The greatest trick Feli ever pulled was convincing the world he didn't exist...
 
  • Haha
  • Like
Reactions: 1 users
Feli has been having too successful of a career to frolic in the mud with the rest of us :)
 
  • Like
Reactions: 1 user
godfather only has to cut 16,500 toenails and trim 5,500 calluses to collect that each year (or 28k fungal toenails and 9k calluses to cover overhead and gross $400k). So You’re getting a raw deal...

ok so first off ... just because i moped the floor with you in a couple of other posts you dont have to have a personal vendetta towards me, your hate is oozing through this screen please tame it just a bit hater, lets just get that out of the way ..... next up never underestimate or undermine RFC and its power in a PP setting youll just make a fool of yourself like you have above .... i now have other docs that work with me and i pay them well, everyone is happy we do full range of pod services that make sense time and money wise, it a collective effort .... my overhead alone is way above 400k .... and knowing what i now know, i would not be happy making 400k as a W2 and get smacked at EVERY paycheck .... and lastly if you ever come to the NE your free to come work for me instead of bouncing around in whatever situation you're in right now ill give you a good deal... im not like these other NE guys
 
  • Like
Reactions: 1 users
W2 and taxes does suck. But also good to know I have a solid paycheck every 2 weeks.

And to the OP. Most regular posters on here are no longer residents. Doubtful you get that much advice.

Personally I am back to normal numbers. In fact I'm slammed not only with the end of the year rush but a post covid global case cancellation rush. I knocked out 6 cases today.
 
  • Like
Reactions: 1 user
W2 and taxes does suck. But also good to know I have a solid paycheck every 2 weeks.

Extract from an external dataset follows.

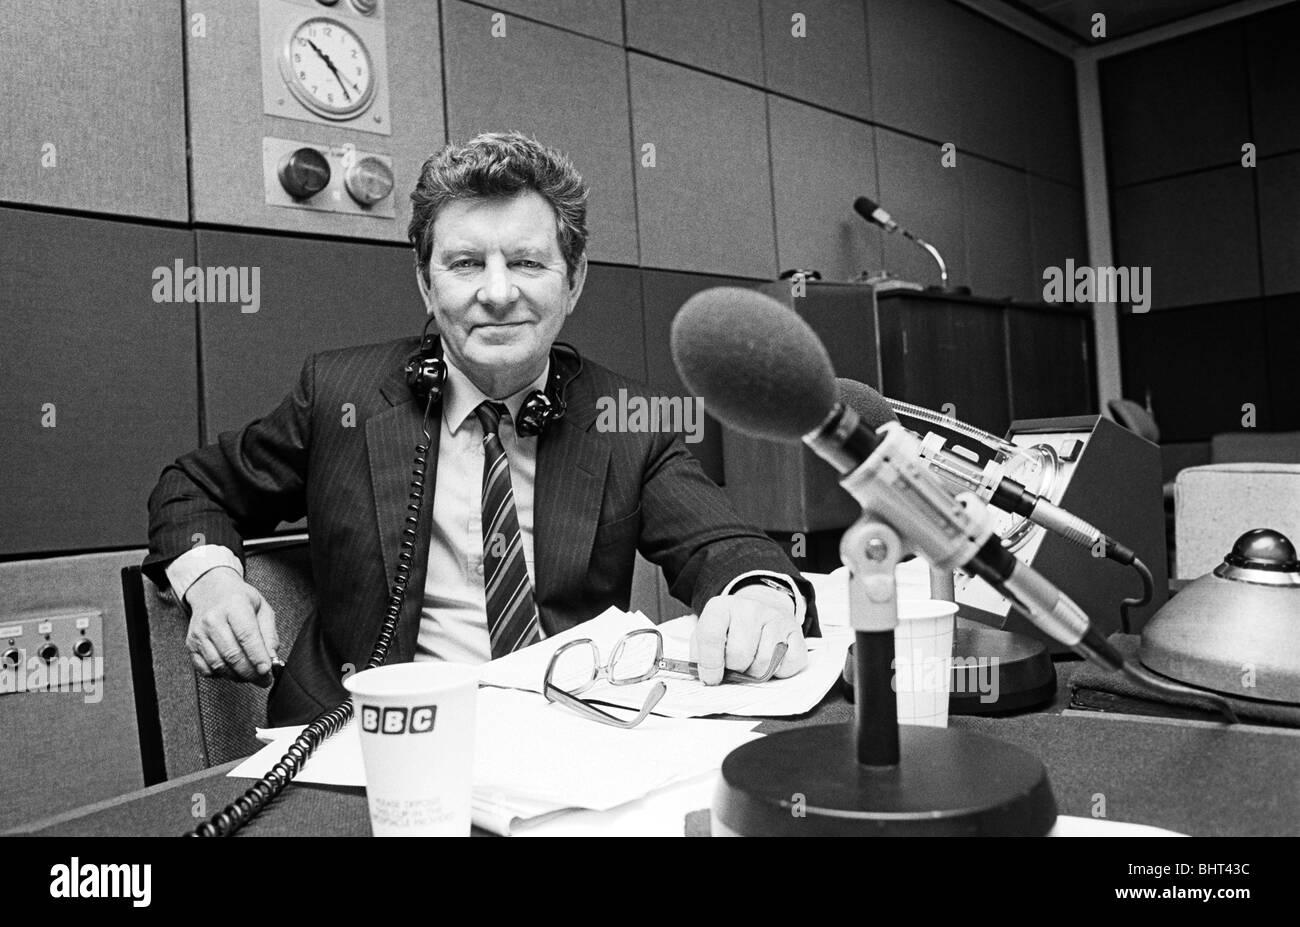 the-veteran-bbc-broadcaster-richard-bake

Yes i agree with you on this ..... but i do feel that this can be a big deterrent to going into PP for oneself/ the safety of it all etc, it certainly held me back for sometime also... i would like to add that if one manages money well in PP and there is good cash flow coming in monthly, just the profit you get monthly can help provide the same benefit/cushion for an extended period of time
 
That's exactly what a NE guy would say....


I find that investing in the people around me and making sure that they are happy is actually beneficial to the the patients and the business ... vs the revolving door like other places, they end up loosing more patients in the long run when they keep seeing diff docs every six months to a year ... at the end of the day its all about money and putting food on the table give people a deal they wont get elsewhere and they will not leave, i actually prefer hiring people with a few years under their belt so they know the value of what i can offer them after they have been kicked to the ground on the last few go arounds
 
  • Like
Reactions: 1 users
they end up loosing more patients in the long run when they keep seeing diff docs every six months to a year

Amen and they wonder why marketing budgets are high, online reviews are in the gutter bc its not like ppl remember then name of the doc disinterested in seeing them, rude staff bc they are constantly hiring to match the different doc personalities.
 
  • Love
Reactions: 1 user
Was wondering if any other residents are concerned with the number of current cases and decrease in cases due to to COVID my area was hit very hard and its clear that many people would not want elective surgery at this time. Our clinic numbers are down as well as a surgical.numbers and there is concern of meeting graduation requirements

The ABPM wrote a letter to CPME recommending waiving all Minimum Activity Volumes (MAVs) for residents finishing in 2020-2022 due to the pandemic. The ABFAS opposed this position. Ultimately there was a reduction (not by much) of the MAVs for 2020 and anyone who couldn't meet those numbers would be taken on a case-by-case basis by CPME.

But, it is also the ABPM's opinion we should eliminate MAVs in favor of the milestone model followed by ACGME. The APMA Board of Trustees wrote a letter to CPME in 2019 supporting the same position.

CPME 320 is currently under revision and will be open for public comment soon. That is a good opportunity for you to make your opinion known to CPME directly.